Millions of adults are estimated to have a mental illness in Europe (and in the USA), and the numbers seem to be increasing.1

While omega-3's and vitamin D have been previously suggested to help treat mental illnesses, the exact mechanisms by which they work are not clearly understood.

Fortunately, a new study provides insight into their mood-boosting effects. The results were published in the journal FASEB.


Vitamin D and Omega-3 Fatty Acids Regulate Serotonin 

Low serotonin levels are implicated in different mental illnesses including depression, obsessive-compulsive disorder, bipolar disorder, ADHD, autism, and schizophrenia.2, 3

Even various aspects of behavior such as decision making and impulsivity are linked to this vital neurotransmitter.
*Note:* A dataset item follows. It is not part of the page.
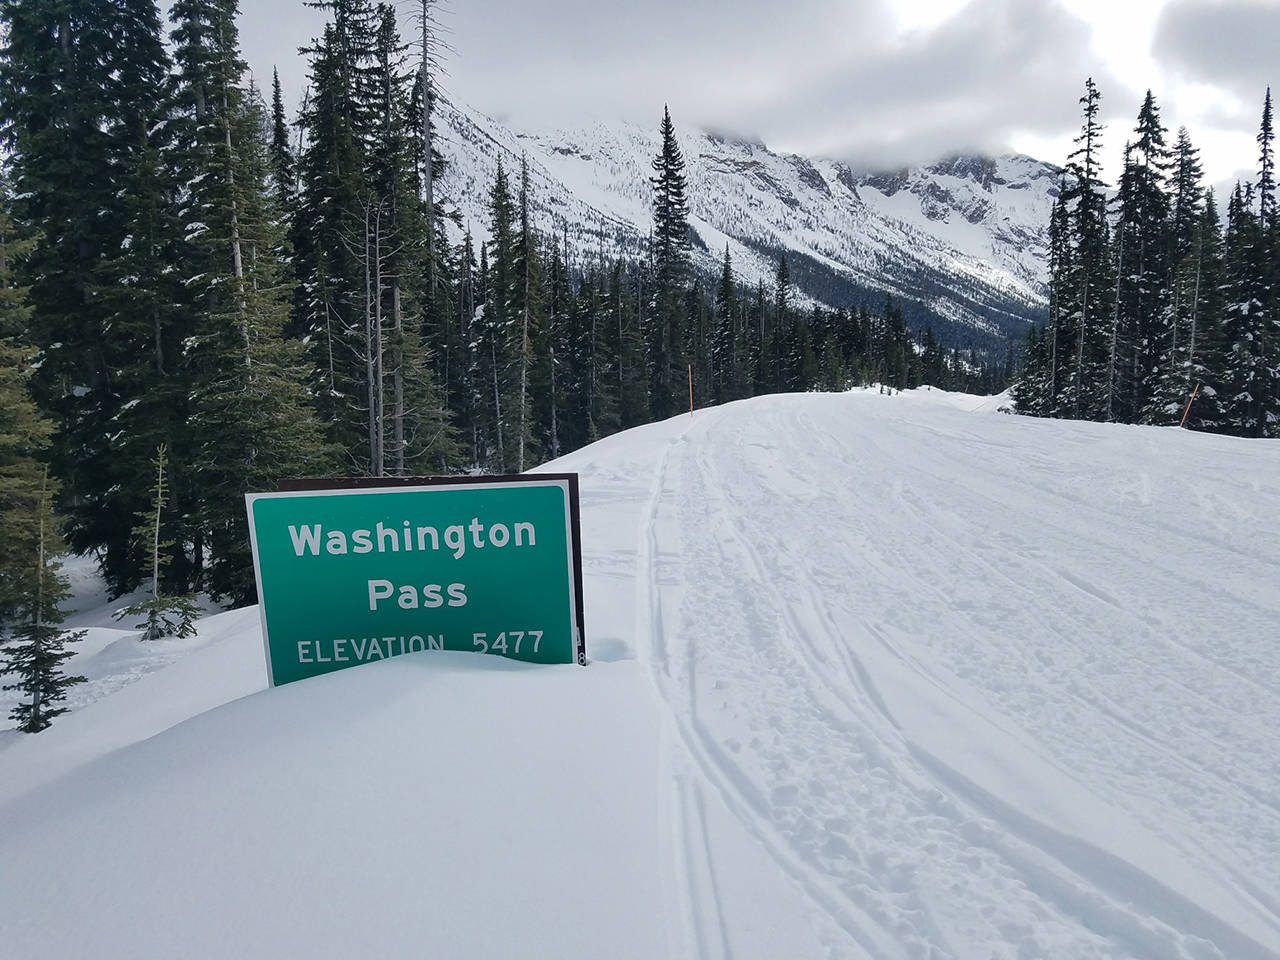 Highway 20 over North Cascades to close for winter

In this two-part study, scientists from California sought to determine the role of omega-3's and vitamin D on serotonin synthesis. Here is a summary of their results:

  • EPA helps the release of serotonin from neurons by decreasing inflammatory compounds called E2 prostaglandins. Inflammation blocks the release of serotonin.
  • DHA increases the fluidity of brain cell membranes, allowing serotonin to reach receptors more easily.
  • Vitamin D regulates the conversion of tryptophan (an amino acid) into serotonin.
  • The combination protects against mental illnesses by boosting serotonin levels. 2


The Bottom Line

Europeans are increasing a lot their psychiatric medications consumption, whose side effects range from dry mouth, insomnia, weight gain, and blurry vision. Vitamin D and omega-3's, on the other hand, support mental health without causing serious side effects.
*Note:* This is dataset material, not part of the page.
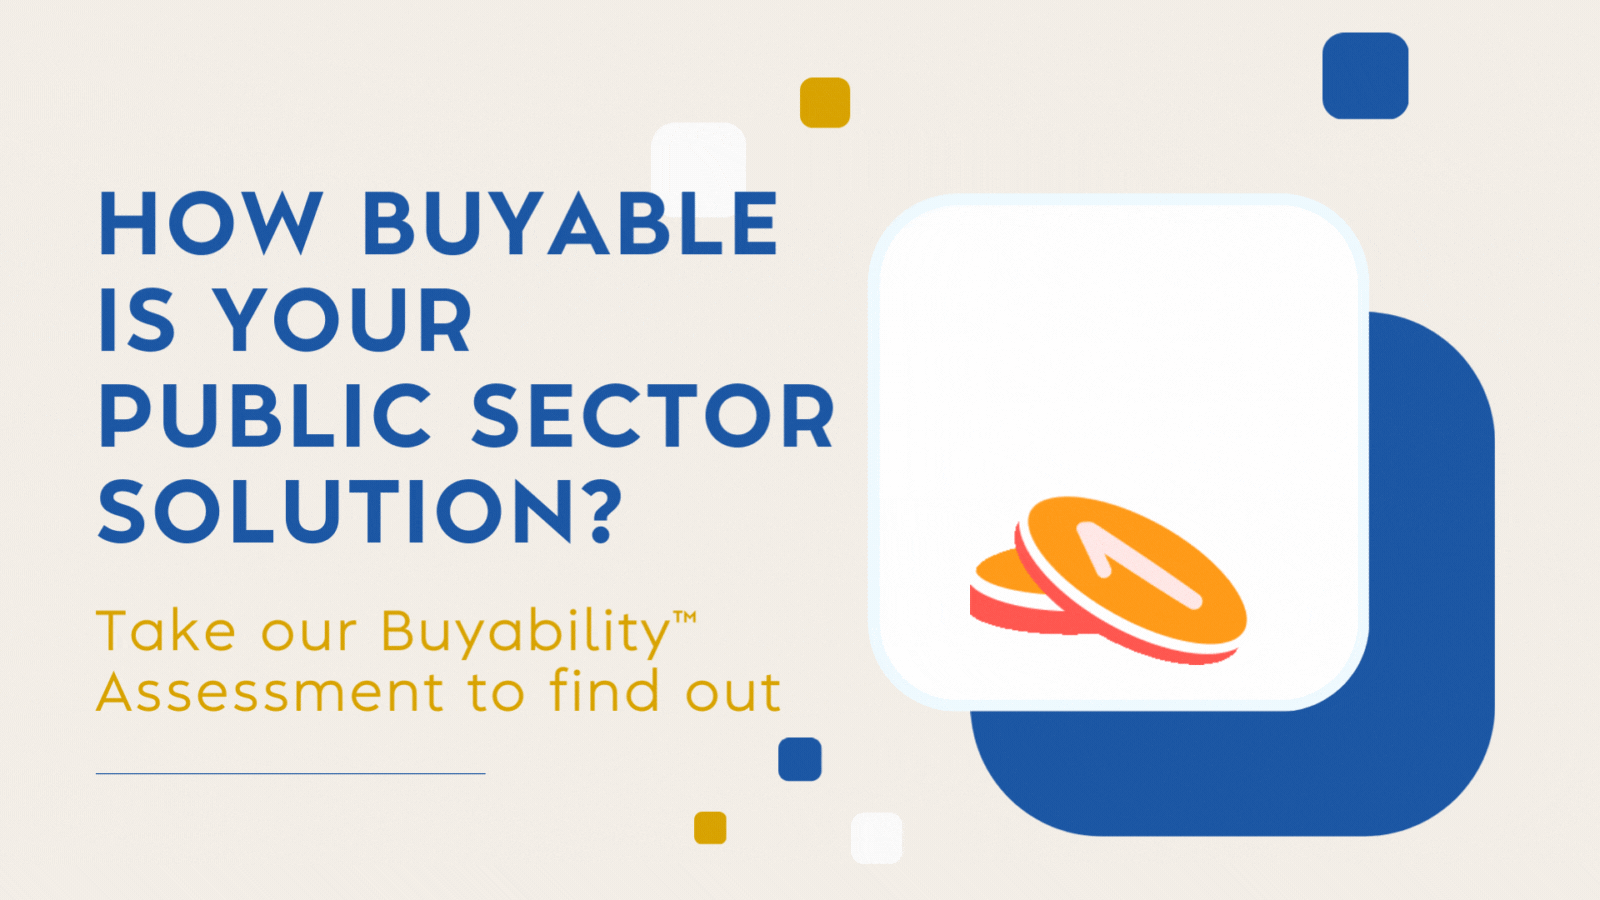 Click here to take our 3-minute Buyability Assessment

For mental health, therapeutic doses for fish oil range between 2–4 grams with higher doses (10 grams) benefiting conditions such as bipolar disorder.

To maintain optimal vitamin D blood levels, between 5000 to 7000 IU should be taken daily and followed up with blood testing.


  1. Available at: http://www.nimh.nih.gov/health/statistics/prevalence/any-mental-illness-ami-among-adults.shtml. Accessed May 15, 2015.
  2. FASEB J. 2015 Feb 24. pii: fj.14-268342. 3. Curr Opin Pediatr. 1996 Aug;8(4):348-54.